I’ll probably use something dumber for the next machine, and keep nix for servers and local vms.
mcgrath_sh
I'm trying nix instead of Homebrew on my mac. It worked great until I decided to give rust a shot. I think my solution is to just do rust development on my Arch machine and stick with nix. That said, if I run into additional issues, I will probably just go back to Homebrew.

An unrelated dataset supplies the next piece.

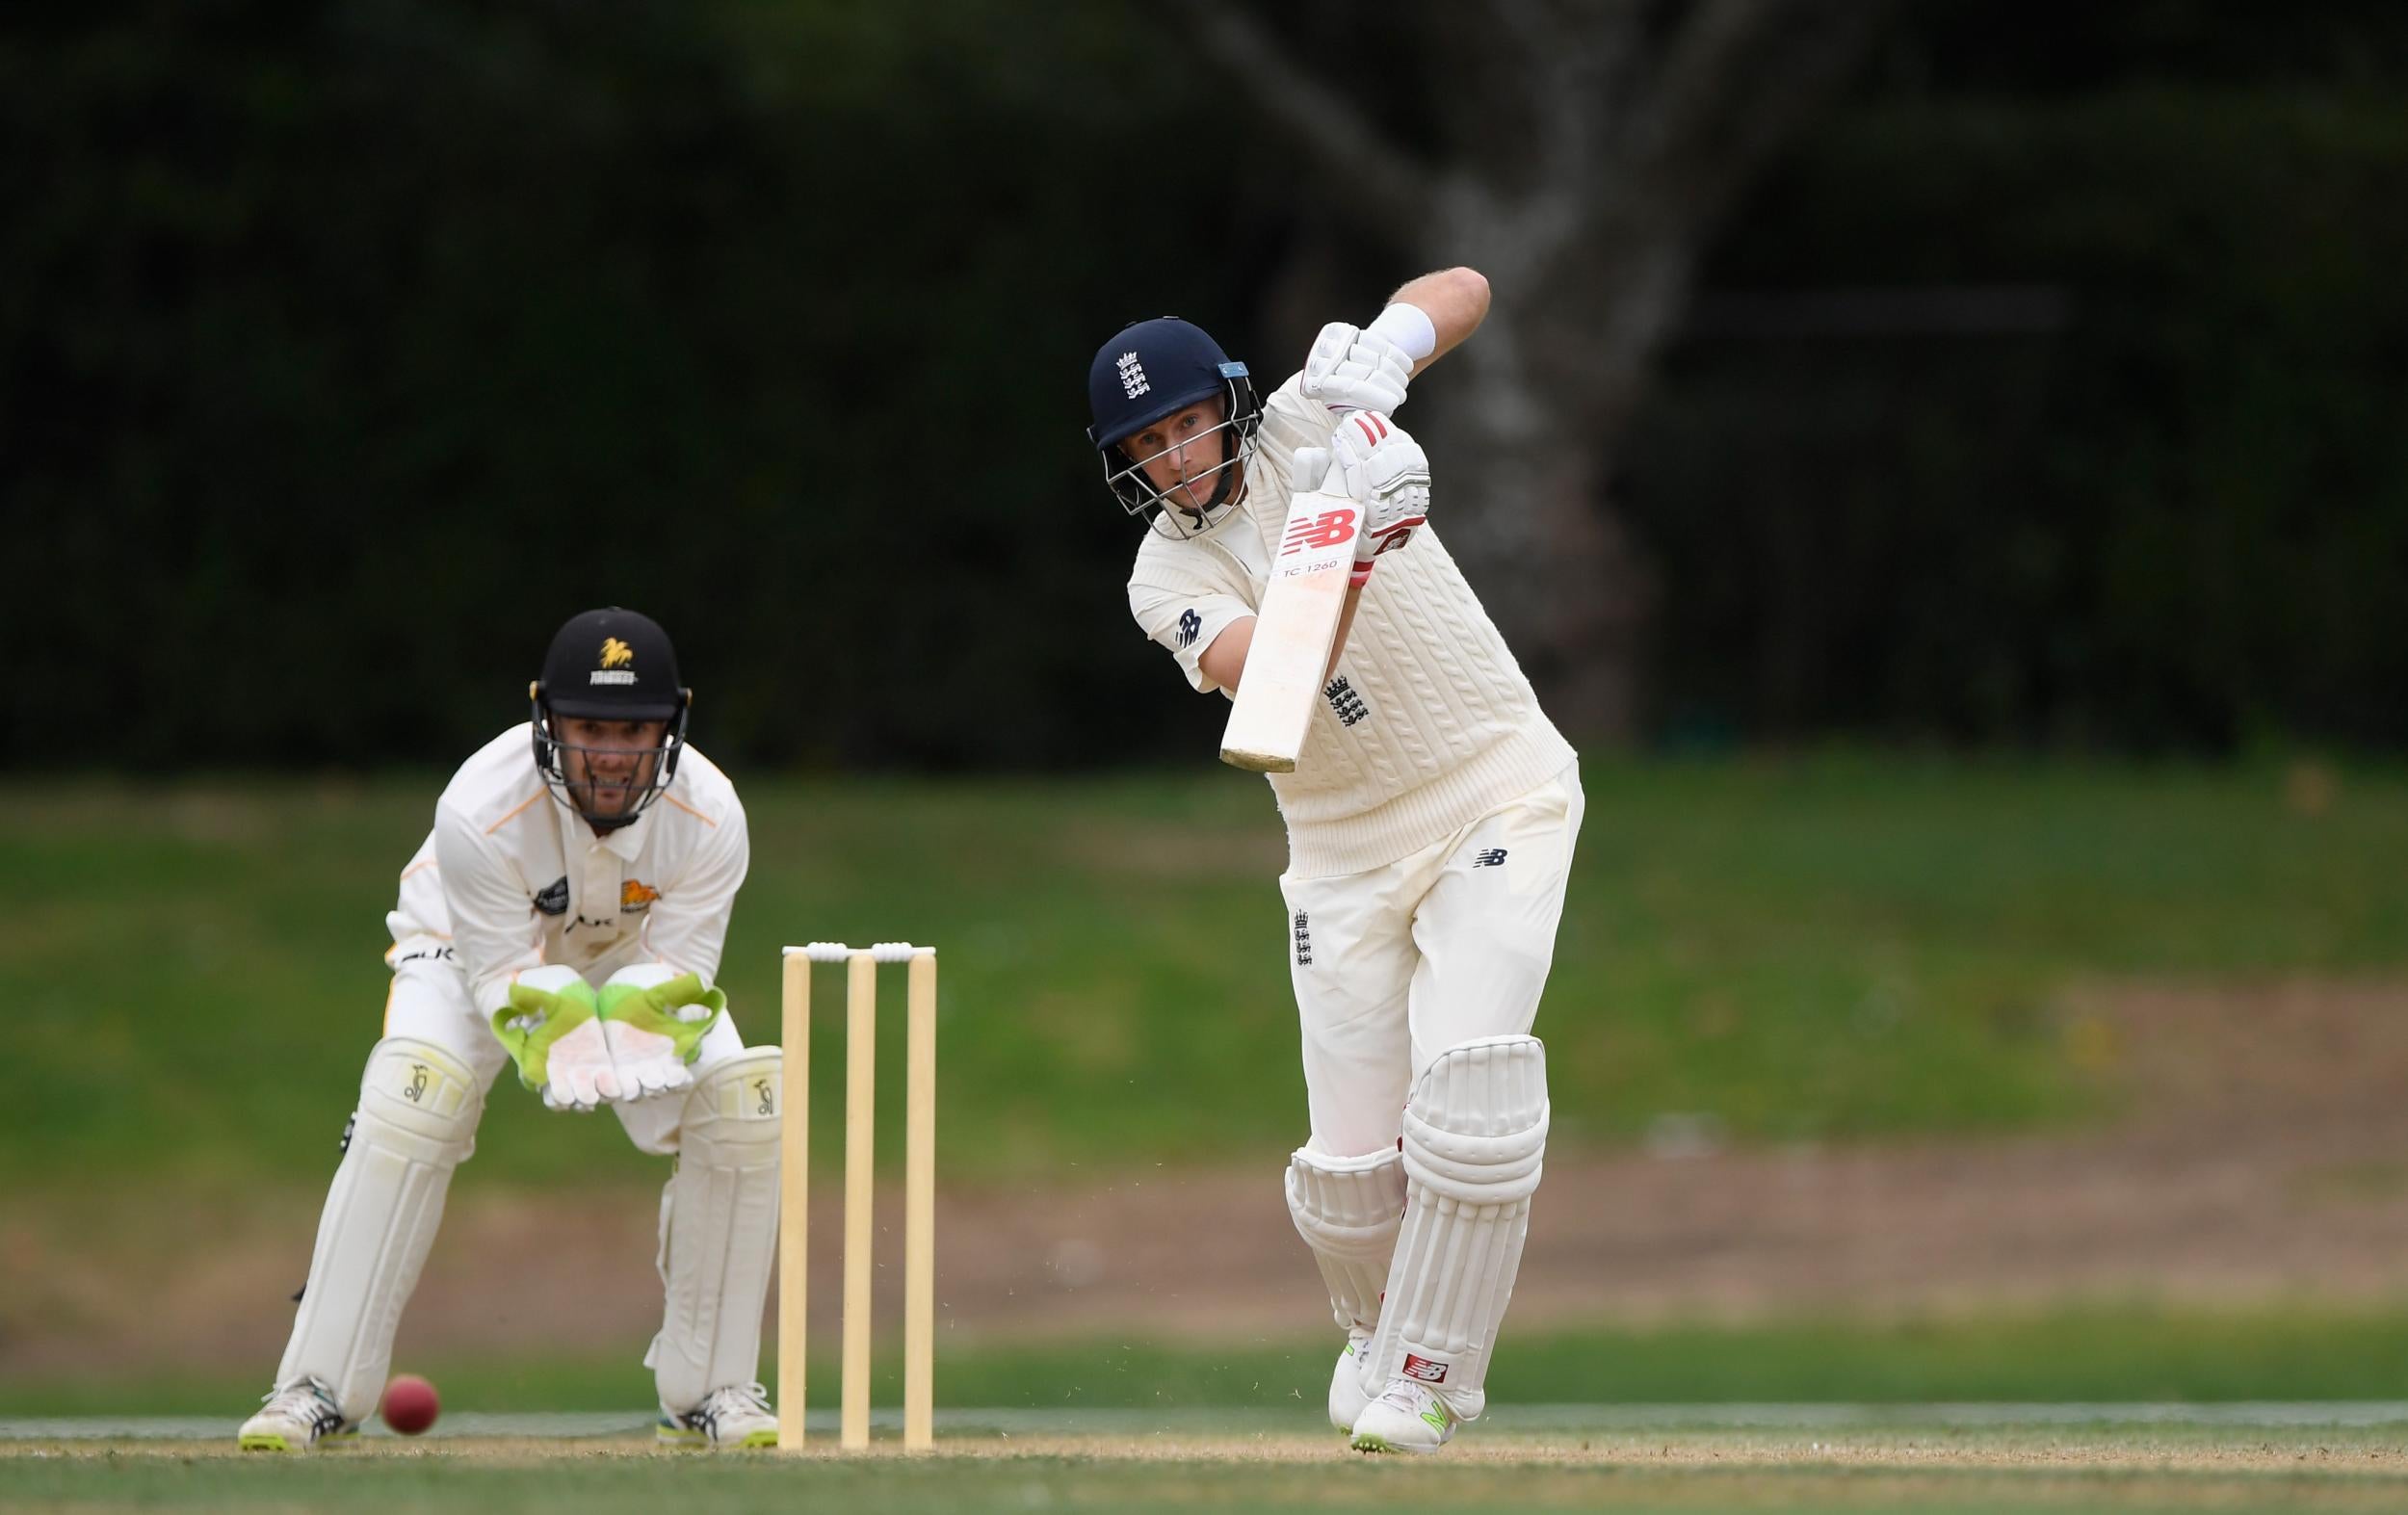 Joe Root hit 115 on the final day of the second tour match against a New Zealand XI at Seddon Park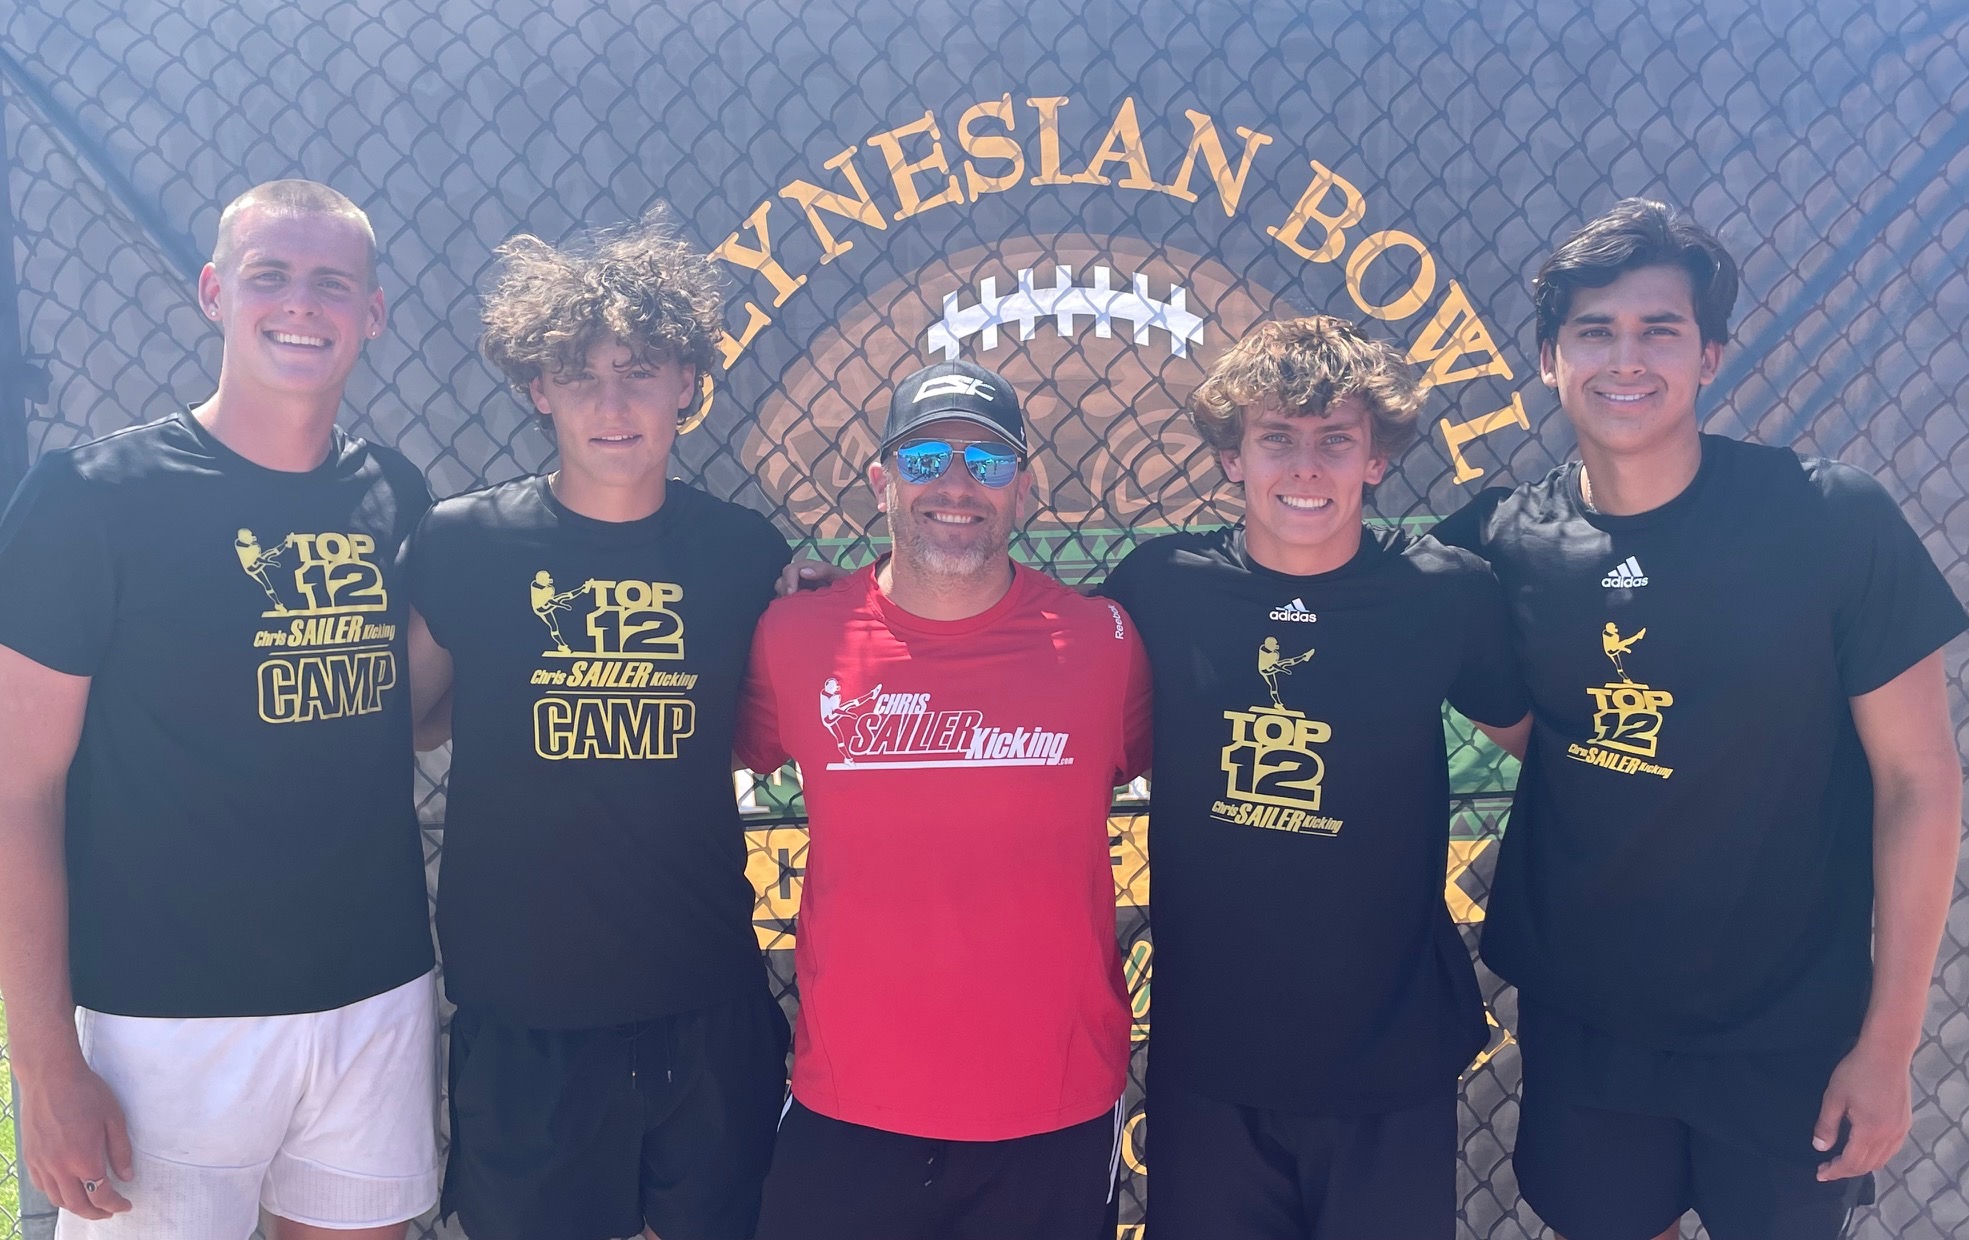 Chris Sailer Kicking Voted best kicking and punting camp in the world.

Where were your pain points?
phinnaeus
Highly recommend keeping Nix to your NixOS machines. IYKYK
moribvndvs
I use a setup script that installs brew, a brewfile, runs chezmoi to setup terminal and defaults, pulls some secrets/keys out of 1Password, and good to go, other than manually having to log into certain things. Everything in a personal dotfiles repo. I do have to occasionally diff my brewfile and terminal config and push that up, I should probably spend a little time figuring out how to automate that.
1inuxoid
I am also using this setup powered by chezmoi. It has brilliant secrets support and powerful templating allowing cross-platform setups. I do get lost in its state sometimes when updating `run_once_*` scripts and trying to make sure they still run. Another friction point is external tools installed via .chezmoiexternal.toml from GitHub.
nunez
same, more or less!
frizlab
I have an open-source script which installs all my conf https://github.com/Frizlab/frizlabs-conf
cmpit
Thanks for sharing it. Will deffo have a look and pick some stuff for my config.
corv
The missing magic incantation to create your Brewfile:
brew bundle dump
bitslayer
Ah ha! I had searched the article to see if there was a way to do that. Because while it would be awesome to have a file like this, creating it sounded like a pain.
bhouston
Thank you!
iorekz
sweeeet
kartikarti
Just in case anyone is lost in all the `defaults write ...`, I really recommend https://macos-defaults.com/
It's a really nice overview for (almost) all of the options.
When you search for "dotfiles" on GitHub, you'll find plenty of good script examples for setting up a new computer. Since Apple doesn't provide good documentation on what you can configure with "defaults" variables, these examples are a goldmine.